Speaking Tongues Are Actively Braced
Motivation
The term “bracing” describes speech production where the tongue is in contact with the teeth or palate. While “bracing” implies active mechanical support rather than mere contact, tongue bracing has typically been both defined and measured strictly in terms of contact.
This view can be attributed, in part, to the dominant representation of the vocal tract in midsagittal cross-section in the phonetics literature. Viewed only in the midsagittal plane, the tongue may appear to function as if unconstrained by interactions with surrounding lateral structures, more like a free-floating tentacle.
As such, a more holistic view of the tongue and its relationship with its surroundings in speech is required. We seek answers to questions both of basic description (e.g., How often is the tongue in contact with surrounding structures?) and of deeper function (e.g., What is the purpose of such contact?). However, the question of function only makes sense if contact is active and effortful (rather than passive or incidental).
Overview
We test the strong hypothesis that tongue bracing is both pervasive and effortful in speech. This hypothesis generates the predictions that 1) bracing should be maintained (nearly) continuously throughout running speech and 2) bracing is not incidental, but rather achieved and maintained via active muscular control.
1. Pervasiveness of Lateral Bracing
Electropalatography (EPG) uses a false palate with contact-sensitive electrodes. When placed in the mouth during speech, tongue contact with the electrodes is recorded in real time. However, a typical EPG palate (right in the figure below) lacks electrodes on the teeth, and so cannot record lateral bracing. We use the Kay EPG (left in the figure below) in this work to overcome this limitation.

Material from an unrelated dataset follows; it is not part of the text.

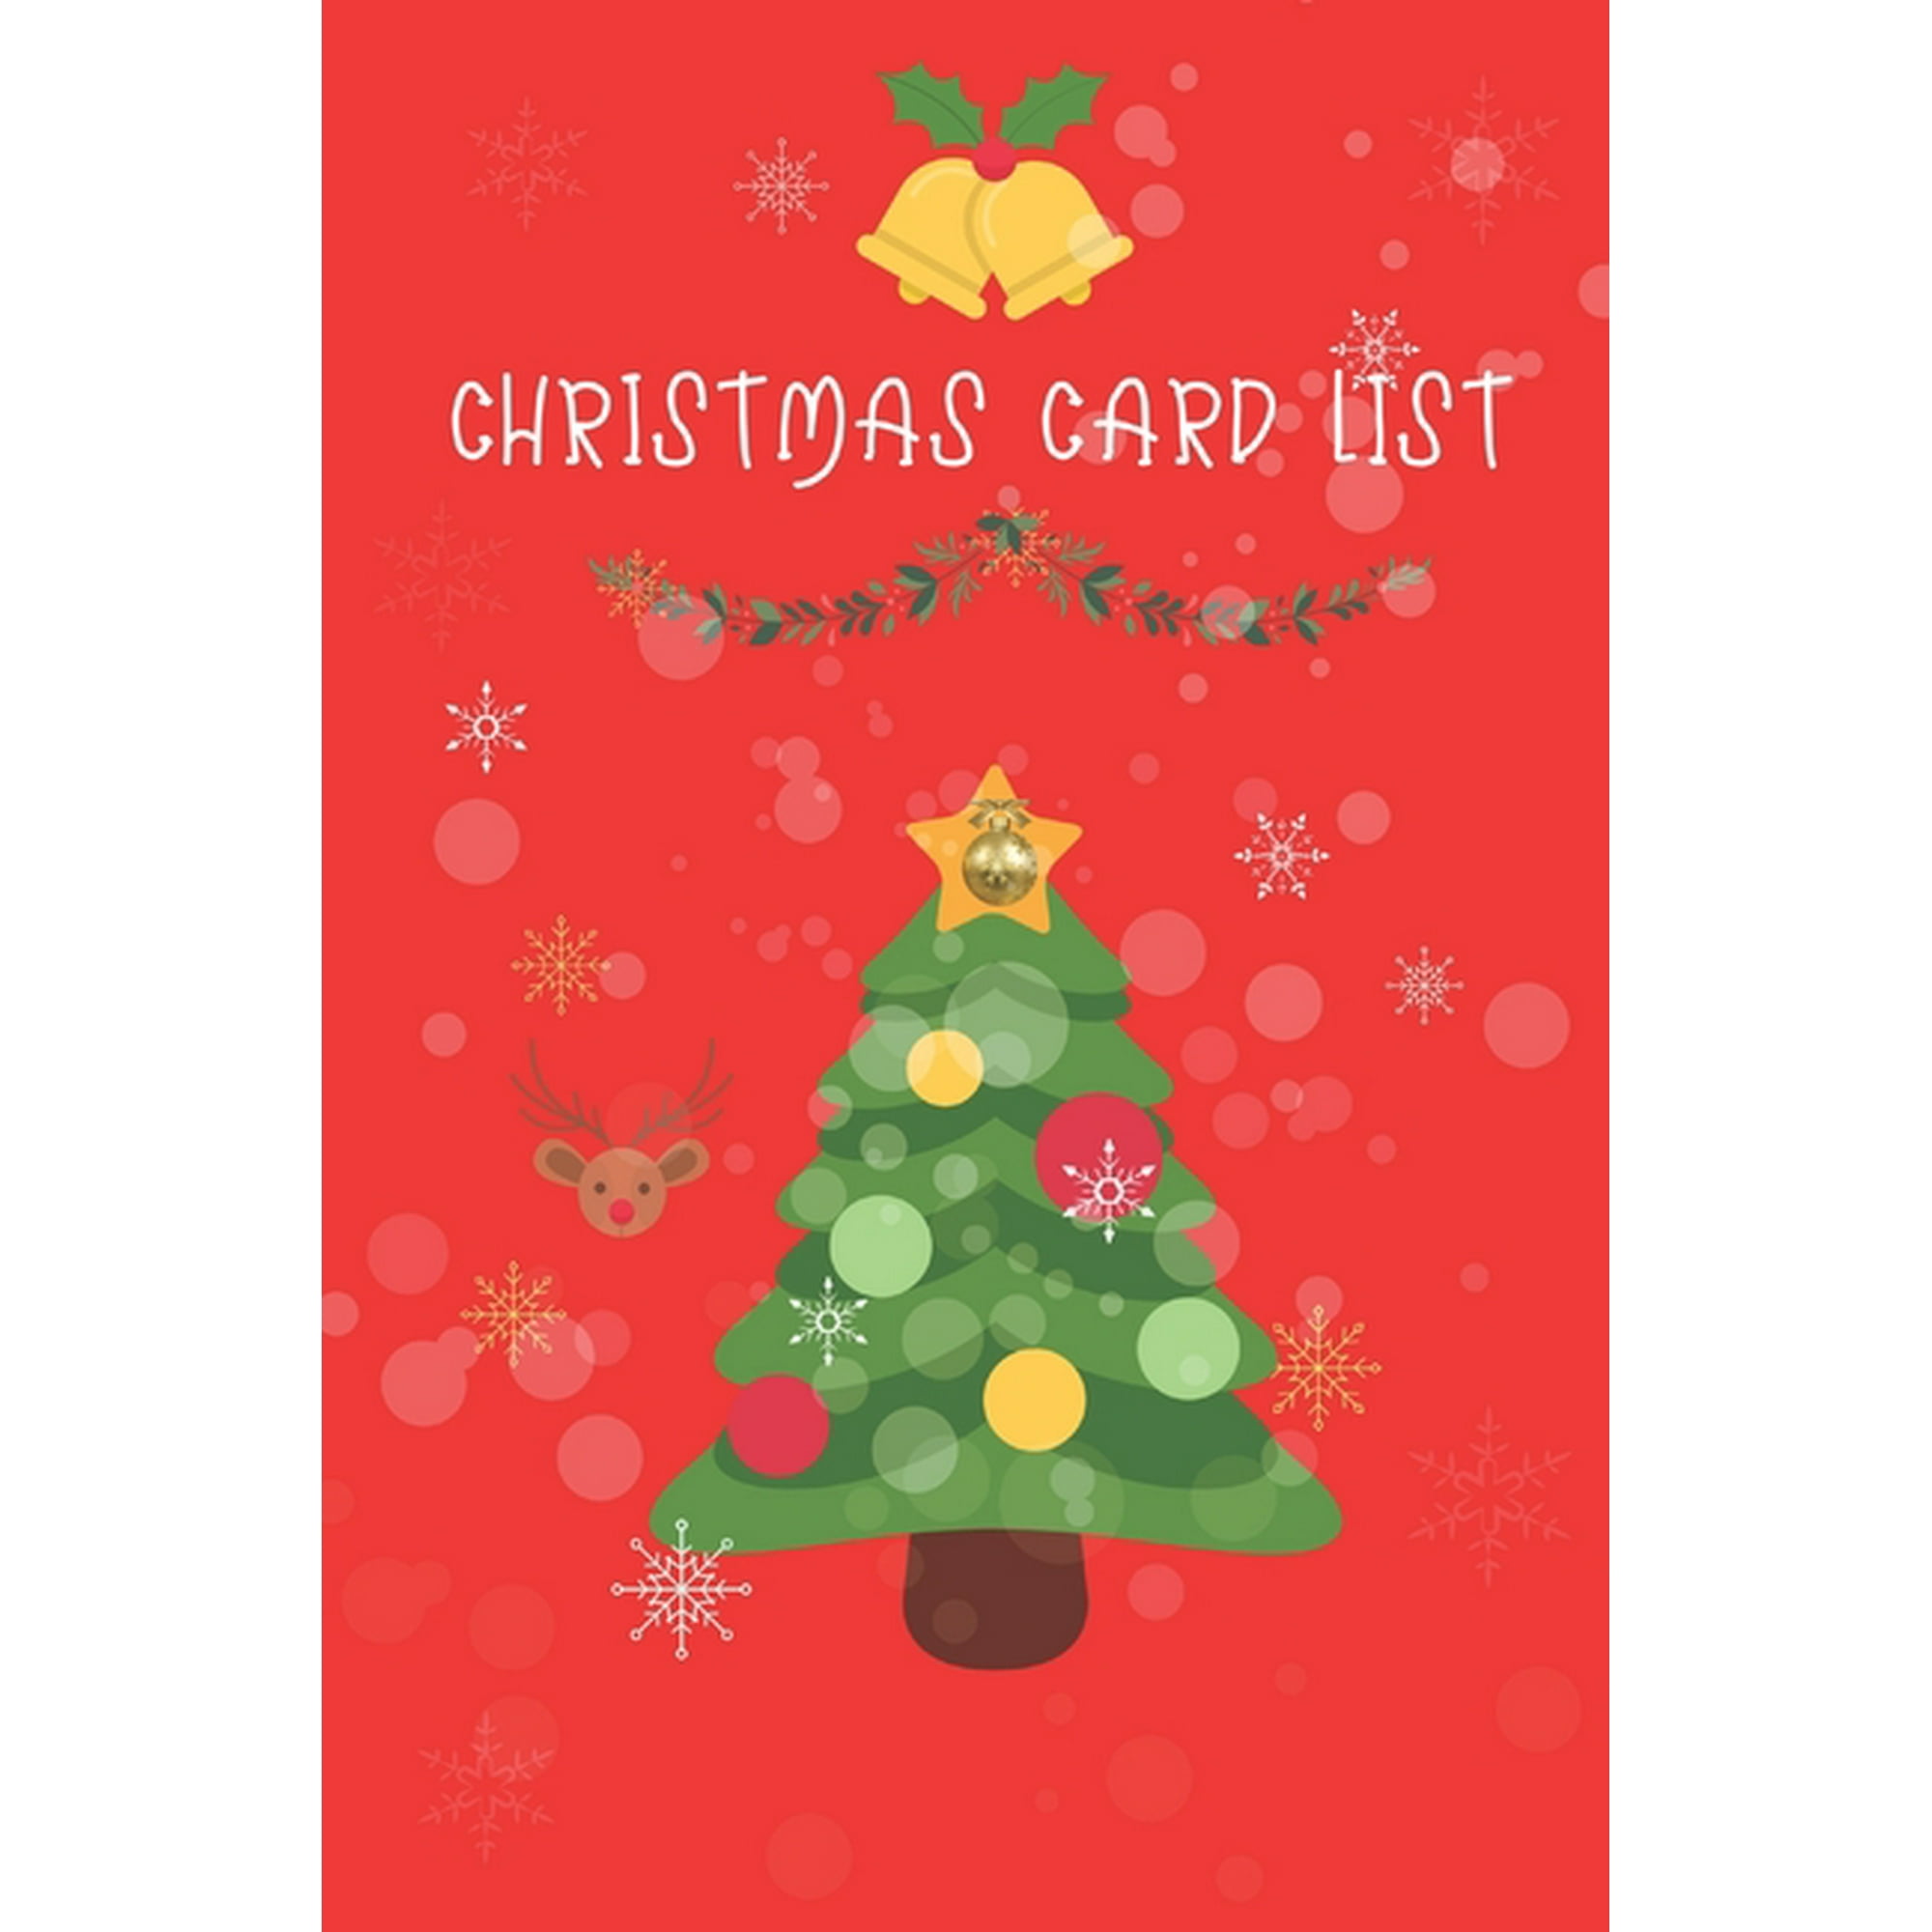 Christmas Card List : address book and tracker for the Christmas ...

The Kay EPG produces results as seen in the figure below. Notice that left and right (i.e., lateral teeth) bracing is nearly continuous, whereas coronal (i.e., front teeth) bracing is more sparse.
Despite, the improved contact area of the Kay EPG, we still lack data on soft tissues, such as the pharyngeal structures (back of the throat). As such, during the low vowel /a/ in the word “small” in (d) the figure above, we observe no tongue contact at all.
To overcome this limitation, we conducted 3D biomechanical simulations of the vocal tract using ArtiSynth, an open-source biomechanical simulation toolkit. Our simulations show that a tongue at rest makes no contact with the teeth or palate, but also makes essentially no contact with the back of the throat (left in the figure below). In contrast, during low vowels, such as /a/, the tongue still makes no contact with the teeth or palate, but it does makes contact with the back of the throat (right in the figure below).
As additional evidence of the pervasiveness of lateral bracing, this ultrasound shows that the midline of the tongue moves continuously during speech, whereas the side of the tongue nearly always in a fixed and braced position against the teeth, except during /l/ sounds.
2. Effortfulness of Lateral Bracing
We constructed a virtual EPG that fits onto the palate of our ArtiSynth vocal tract model (see figure below).
Using this virtual EPG, we placed the tip of the tongue in the same position on the simulated palate (top row in the figure below). However, in the left column, the tongue is additionally in contact with the lateral teeth, whereas it is not in contact in the right column.
The braced position requires significantly more activation of the superior longitudinal (SL) muscle, indicating that contact is achieved only through active bracing, which is an effortful process.